# Material provided
-=-=-

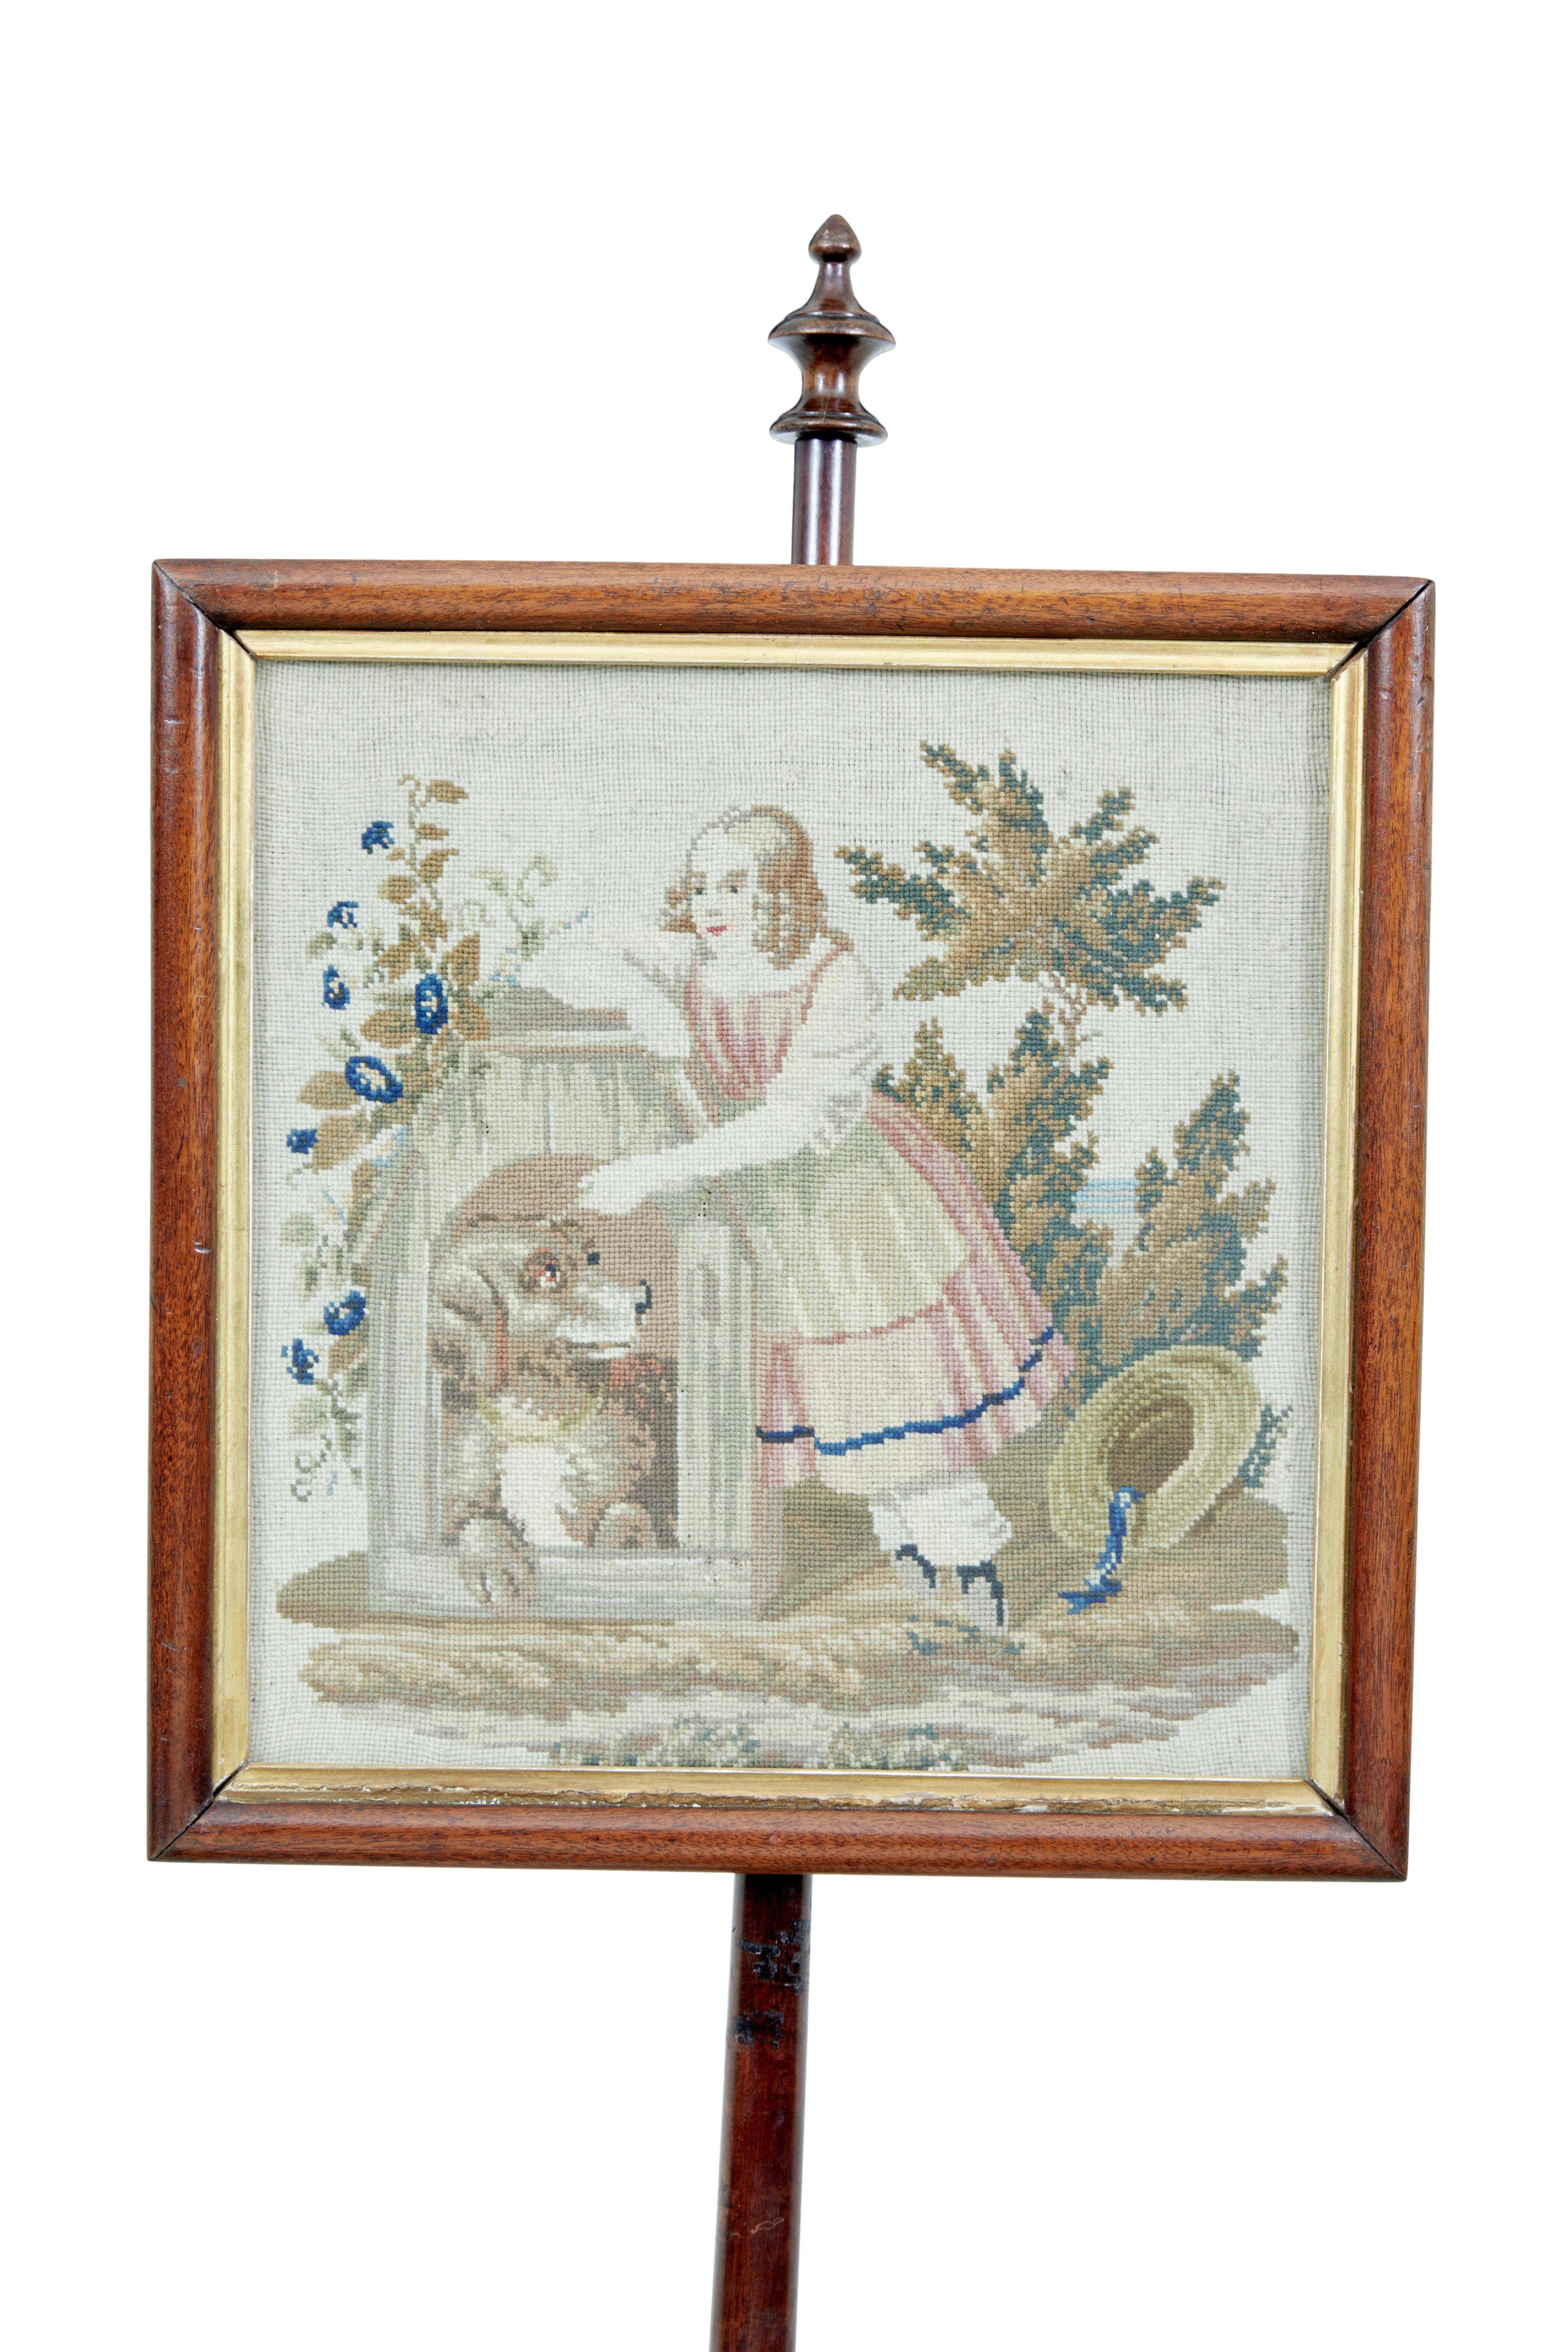 19th century William IV mahogany pole screen, circa 1830

Framed original tapestry depicting a young lady outside with a dog. Frame with gilt slip. Supported by a turned and carved stem, standing on a tripod base with flat bun feet.

Expected marks
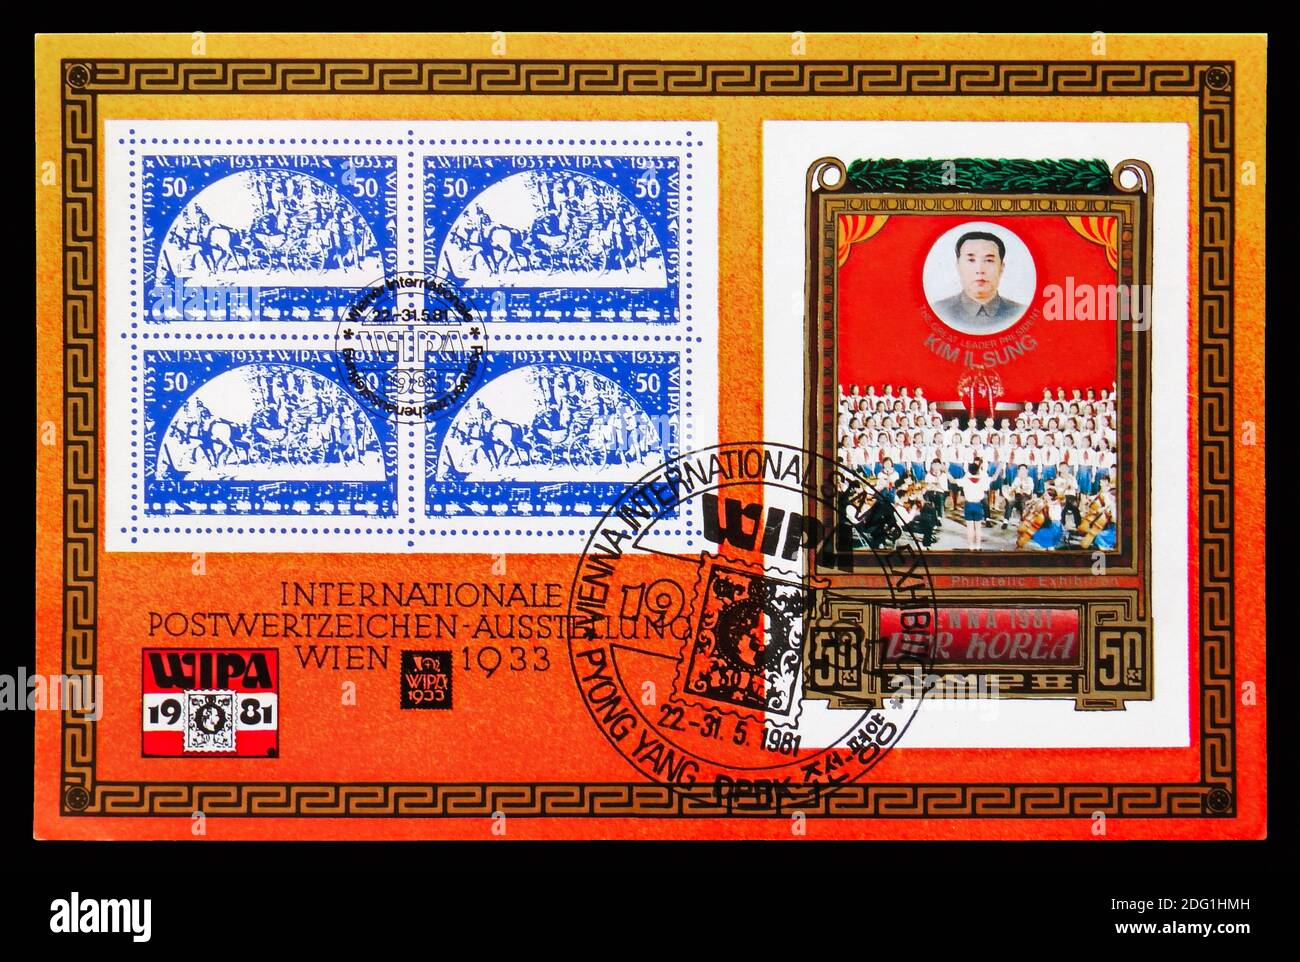 MOSCOW, RUSSIA - AUGUST 18, 2018: A stamp printed in Korea shows President Kim Il Sung, International Stamp Exhibition WIPA 1981, Vienna serie, circa Stock Photo
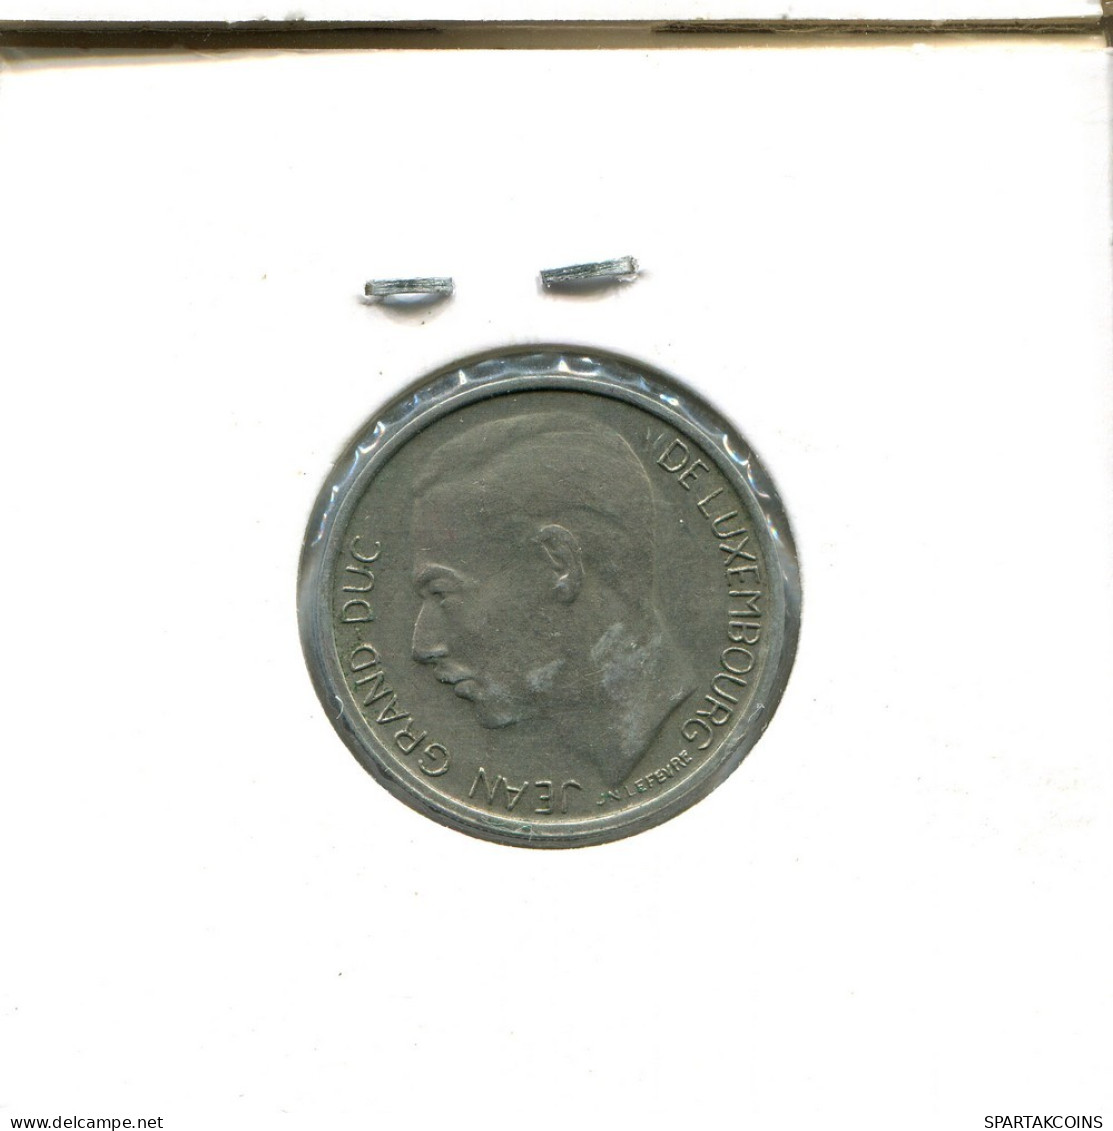 1 FRANC 1966 LUXEMBURG LUXEMBOURG Münze #AT207.D.A - Luxemburgo

-=-=-

# Prompt
Make an exact copy of the lines from the one holding "MOSCOW, RUSSIA - AUGUST" through the end of the material, both ends included, and keep the pictures out of it.

# Response
 MOSCOW, RUSSIA - AUGUST 18, 2018: A stamp printed in Korea shows President Kim Il Sung, International Stamp Exhibition WIPA 1981, Vienna serie, circa Stock Photo
 1 FRANC 1966 LUXEMBURG LUXEMBOURG Münze #AT207.D.A - Luxemburgo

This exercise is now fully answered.